### YOUR TASK:
Shown below is a listing with pictures; reproduce exactly, and only, the lines between the ones containing "Automobile Service Business Flyer" and "ushers in turquoise tie", inclusive, leaving the pictures out.

### SUPPLIED DATA:
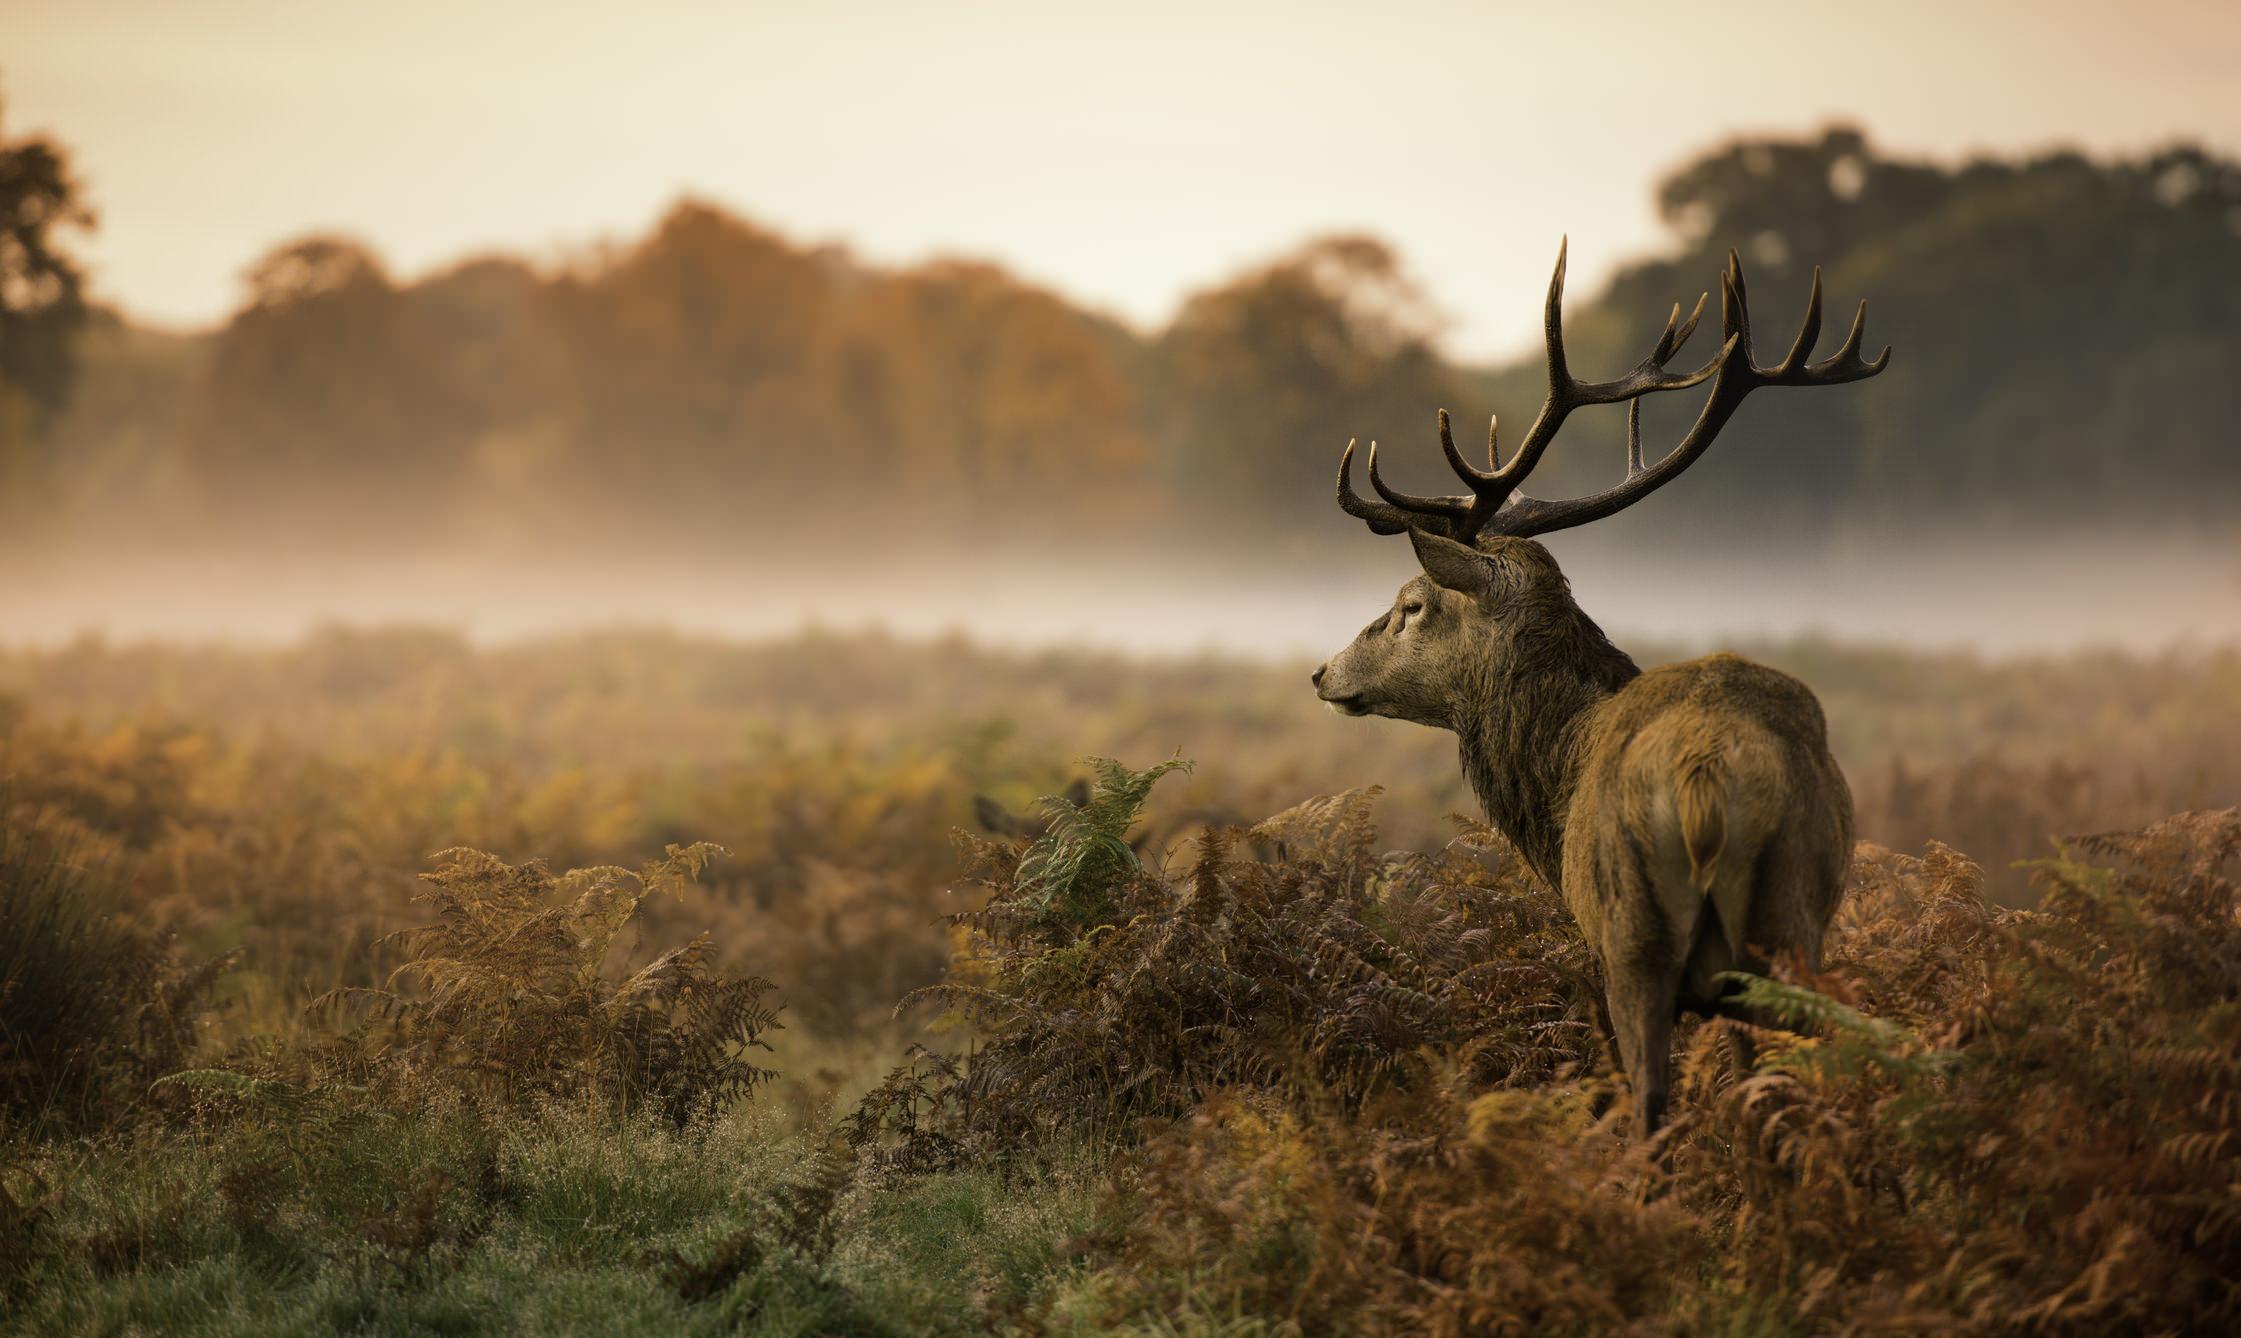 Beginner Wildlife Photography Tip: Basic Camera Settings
--
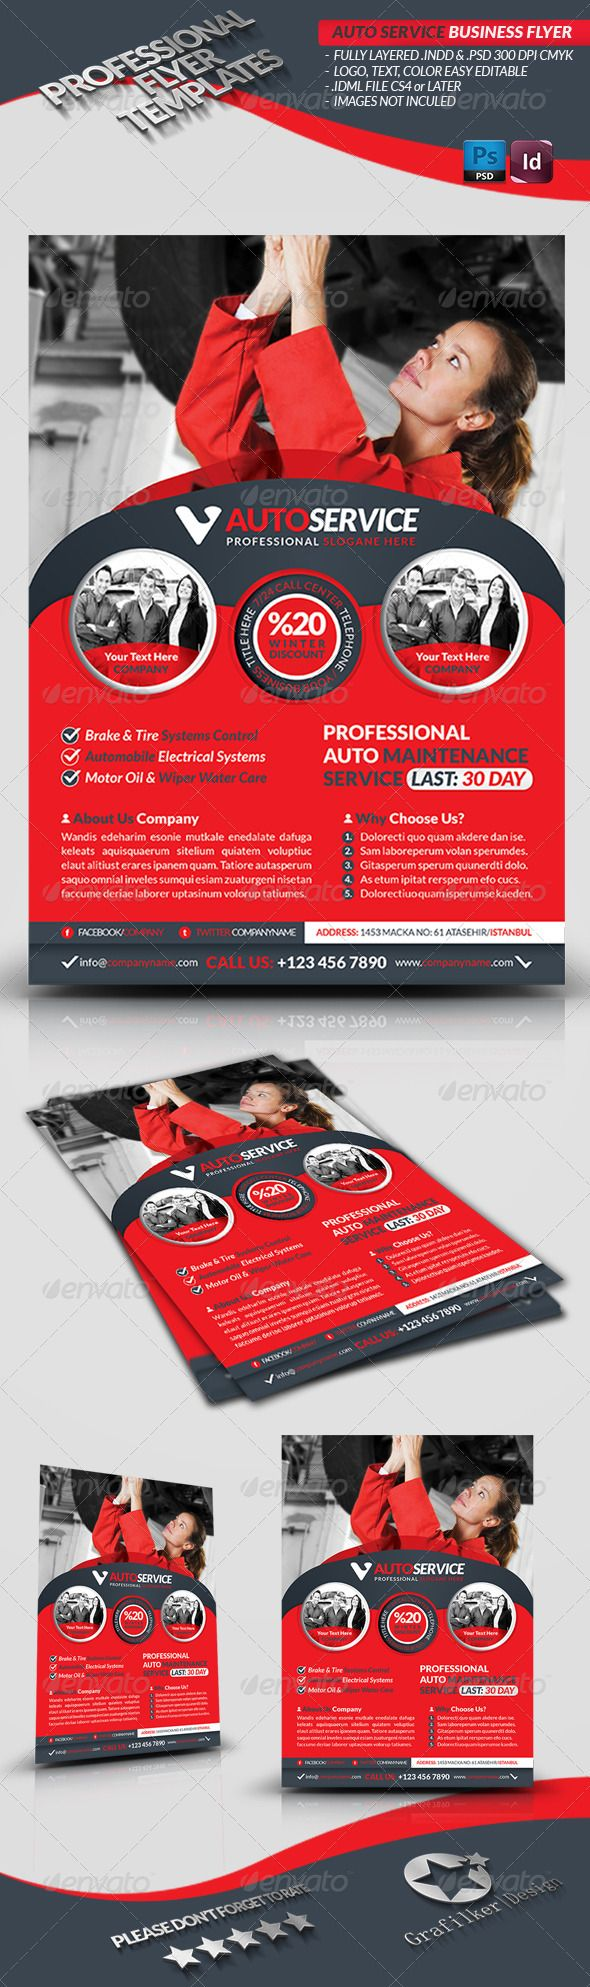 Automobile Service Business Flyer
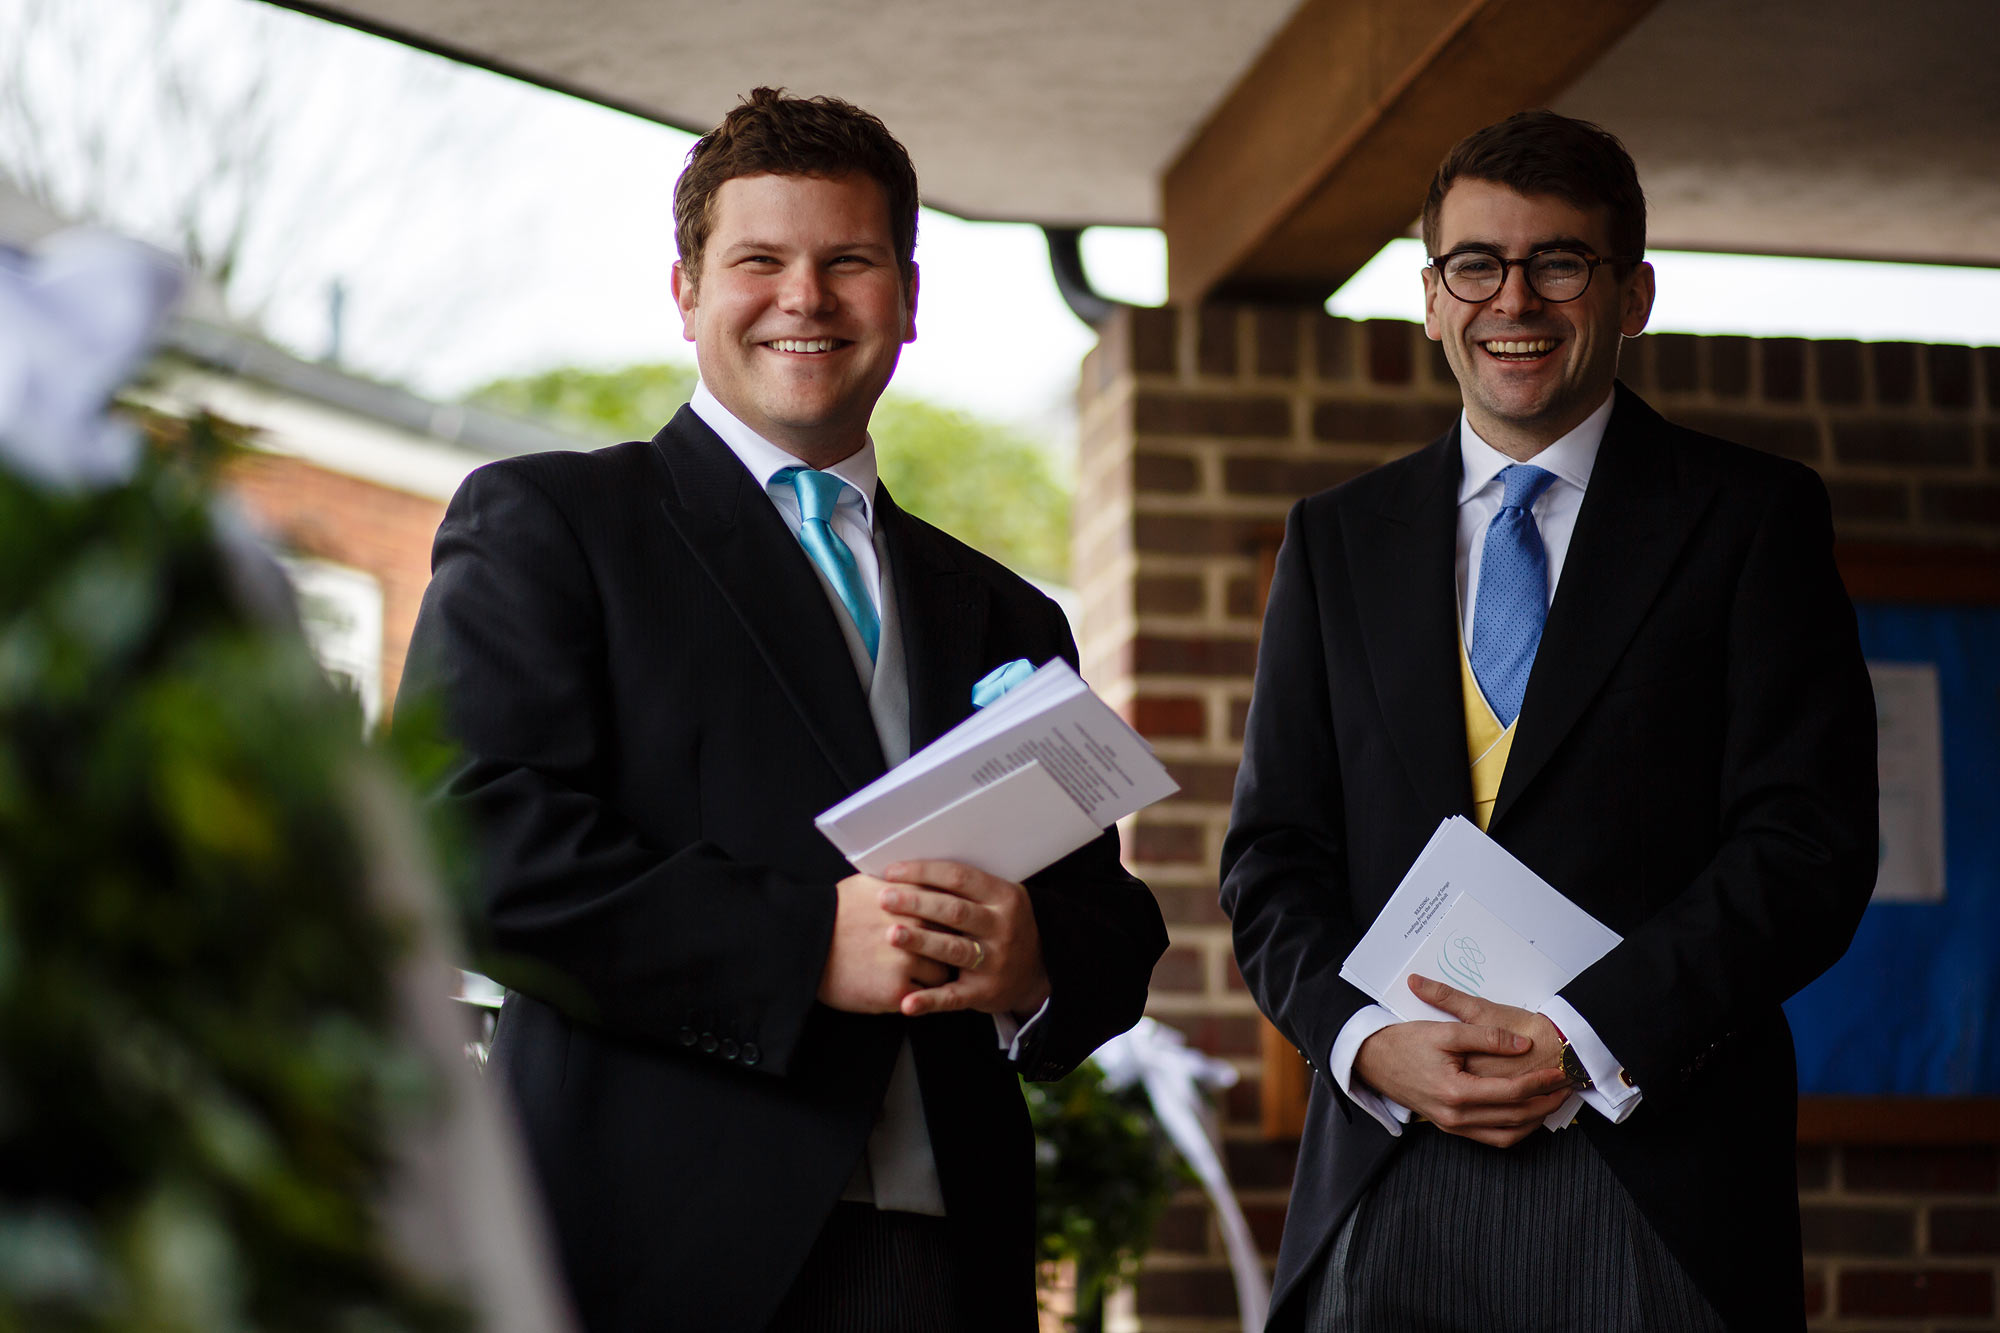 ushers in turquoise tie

### COMPLETED TASK:
 Automobile Service Business Flyer
 ushers in turquoise tie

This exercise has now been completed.